Class OffsetRangeTracker

java.lang.Object
org.apache.beam.sdk.io.range.OffsetRangeTracker
All Implemented Interfaces:
RangeTracker<Long>

public class OffsetRangeTracker extends Object implements RangeTracker<Long>
A RangeTracker for non-negative positions of type long.

Not to be confused with OffsetRangeTracker.

  • Field Details

    • OFFSET_INFINITY

      public static final long OFFSET_INFINITY
      Offset corresponding to infinity. This can only be used as the upper-bound of a range, and indicates reading all of the records until the end without specifying exactly what the end is.

      Infinite ranges cannot be split because it is impossible to estimate progress within them.

      See Also:
  • Constructor Details

    • OffsetRangeTracker

      public OffsetRangeTracker(long startOffset, long stopOffset)
      Creates an OffsetRangeTracker for the specified range.
  • Method Details

    • isStarted

      public boolean isStarted()
    • isDone

      public boolean isDone()
    • getStartPosition

      public Long getStartPosition()
      Description copied from interface: RangeTracker
      Returns the starting position of the current range, inclusive.
      Specified by:
      getStartPosition in interface RangeTracker<Long>
    • getStopPosition

      public Long getStopPosition()
      Description copied from interface: RangeTracker
      Returns the ending position of the current range, exclusive.
      Specified by:
      getStopPosition in interface RangeTracker<Long>
    • tryReturnRecordAt

      public boolean tryReturnRecordAt(boolean isAtSplitPoint, Long recordStart)
      Description copied from interface: RangeTracker
      Atomically determines whether a record at the given position can be returned and updates internal state. In particular:
      • If isAtSplitPoint is true, and recordStart is outside the current range, returns false;
      • Otherwise, updates the last-consumed position to recordStart and returns true.
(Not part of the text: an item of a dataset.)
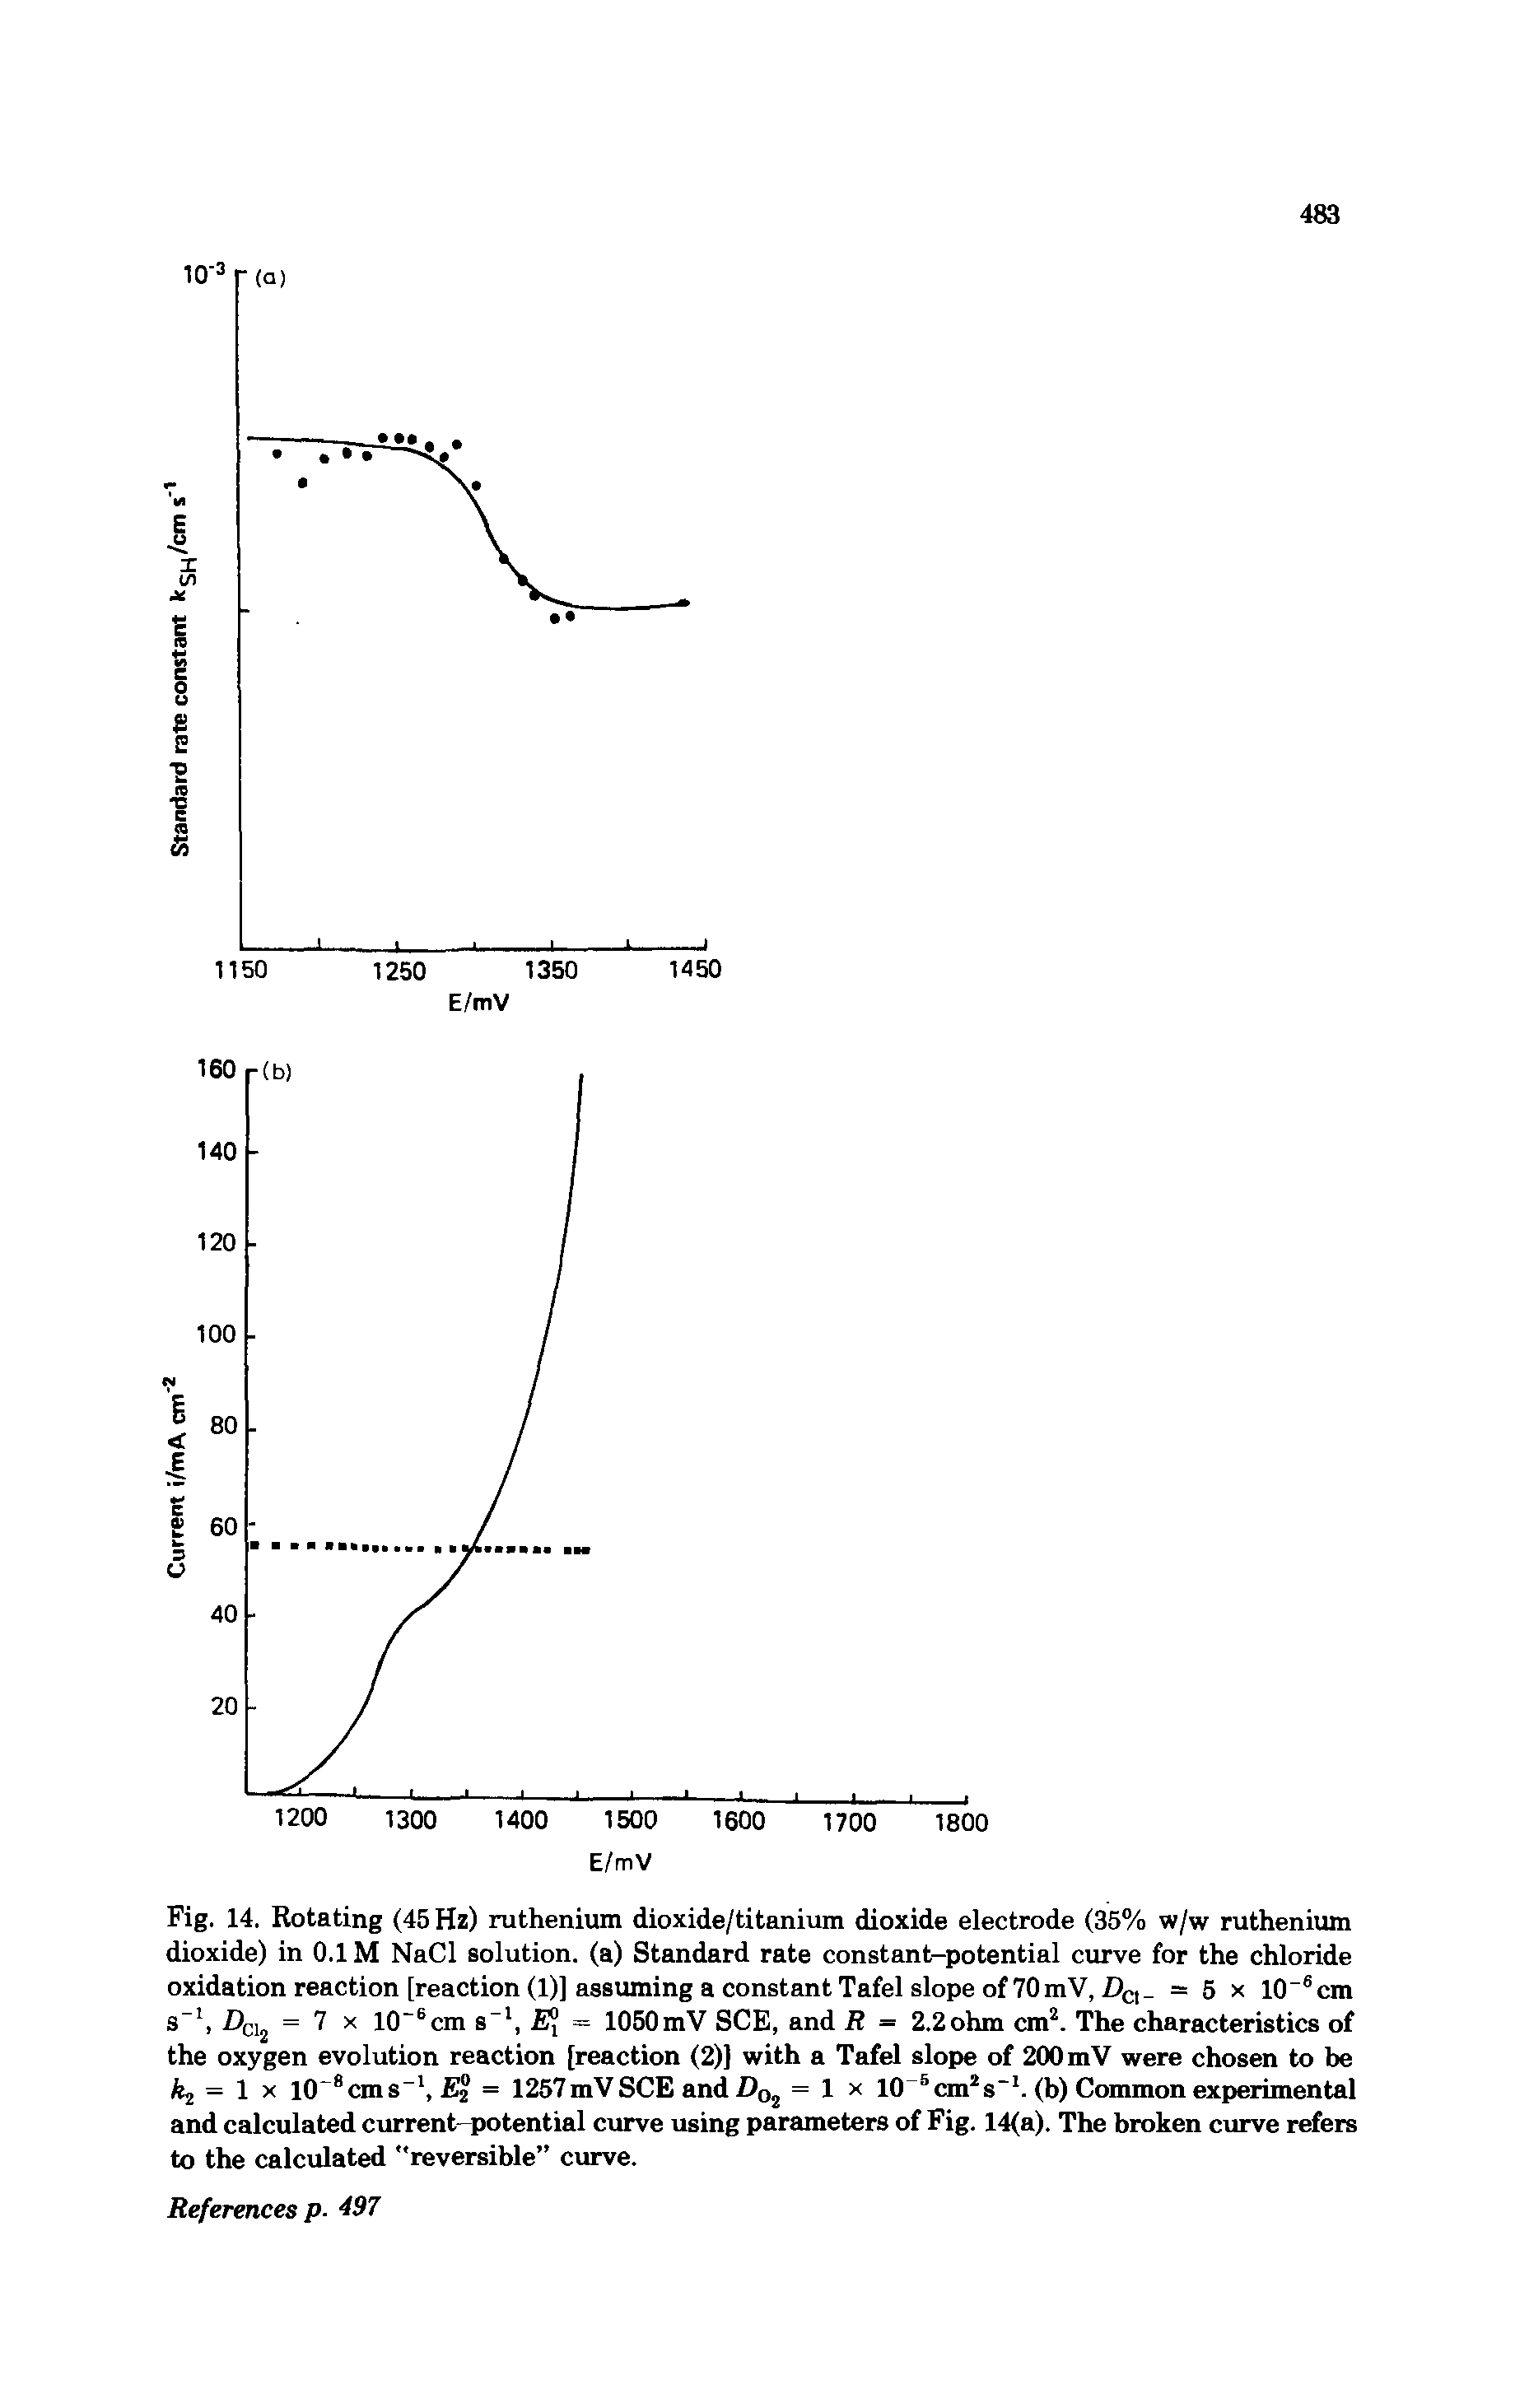 Fig. 14. Rotating (45 Hz) ruthenium dioxide/titanium dioxide electrode (35% w/w ruthenium dioxide) in 0.1 M NaCl solution, (a) Standard rate constant-potential curve for the chloride oxidation reaction [reaction (1)] assuming a constant Tafel slope of 70mV, Da — 5 x 10 6cm s 1, Z)cl2 = 7 x 10 6cm s 1, E[ = 1050mV SCE, and R = 2.2ohm cm2. The characteristics of the oxygen evolution reaction [reaction (2)] with a Tafel slope of 200 mV were chosen to be fej, = 1 x 10 8 cm s, EH = 1257 mV SCE and Dq2 = 1 x 10 5 cm2 s 1, (b) Common experimental and calculated current-potential curve using parameters of Fig. 14(a). The broken curve refers to the calculated "reversible curve.

      This method MUST be called on all split point records. It may be called on every record.

      Specified by:
      tryReturnRecordAt in interface RangeTracker<Long>
    • tryReturnRecordAt

      public boolean tryReturnRecordAt(boolean isAtSplitPoint, long recordStart)
    • trySplitAtPosition

      public boolean trySplitAtPosition(Long splitOffset)
      Description copied from interface: RangeTracker
      Atomically splits the current range [RangeTracker.getStartPosition(), RangeTracker.getStopPosition()) into a "primary" part [RangeTracker.getStartPosition(), splitPosition) and a "residual" part [splitPosition, RangeTracker.getStopPosition()), assuming the current last-consumed position is within [RangeTracker.getStartPosition(), splitPosition) (i.e., splitPosition has not been consumed yet).

      Updates the current range to be the primary and returns true. This means that all further calls on the current object will interpret their arguments relative to the primary range.

      If the split position has already been consumed, or if no RangeTracker.tryReturnRecordAt(boolean, PositionT) call was made yet, returns false. The second condition is to prevent dynamic splitting during reader start-up.

      Specified by:
      trySplitAtPosition in interface RangeTracker<Long>
    • trySplitAtPosition

      public boolean trySplitAtPosition(long splitOffset)
    • getPositionForFractionConsumed

      public long getPositionForFractionConsumed(double fraction)
      Returns a position P such that the range [start, P) represents approximately the given fraction of the range [start, end). Assumes that the density of records in the range is approximately uniform.
    • getFractionConsumed

      public double getFractionConsumed()
      Description copied from interface: RangeTracker
      Returns the approximate fraction of positions in the source that have been consumed by successful RangeTracker.tryReturnRecordAt(boolean, PositionT) calls, or 0.0 if no such calls have happened.
      Specified by:
      getFractionConsumed in interface RangeTracker<Long>
    • getSplitPointsProcessed

      public long getSplitPointsProcessed()
      Returns the total number of split points that have been processed.

      A split point at a particular offset has been seen if there has been a corresponding call to tryReturnRecordAt(boolean, long) with isAtSplitPoint true. It has been processed if there has been a subsequent call to tryReturnRecordAt(boolean, long) with isAtSplitPoint true and at a larger offset.

      Note that for correctness when implementing BoundedSource.BoundedReader.getSplitPointsConsumed(), if a reader finishes before tryReturnRecordAt(boolean, long) returns false, the reader should add an additional call to markDone(). This will indicate that processing for the last seen split point has been finished.

      See Also:
    • markDone

      public boolean markDone()
      Marks this range tracker as being done. Specifically, this will mark the current split point, if one exists, as being finished.

      Always returns false, so that it can be used in an implementation of Source.Reader.start() or Source.Reader.advance() as follows:

      
       public boolean start() {
         return startImpl() && rangeTracker.tryReturnRecordAt(isAtSplitPoint, position)
             || rangeTracker.markDone();
       }
       
    • toString

      public String toString()
      Overrides:
      toString in class Object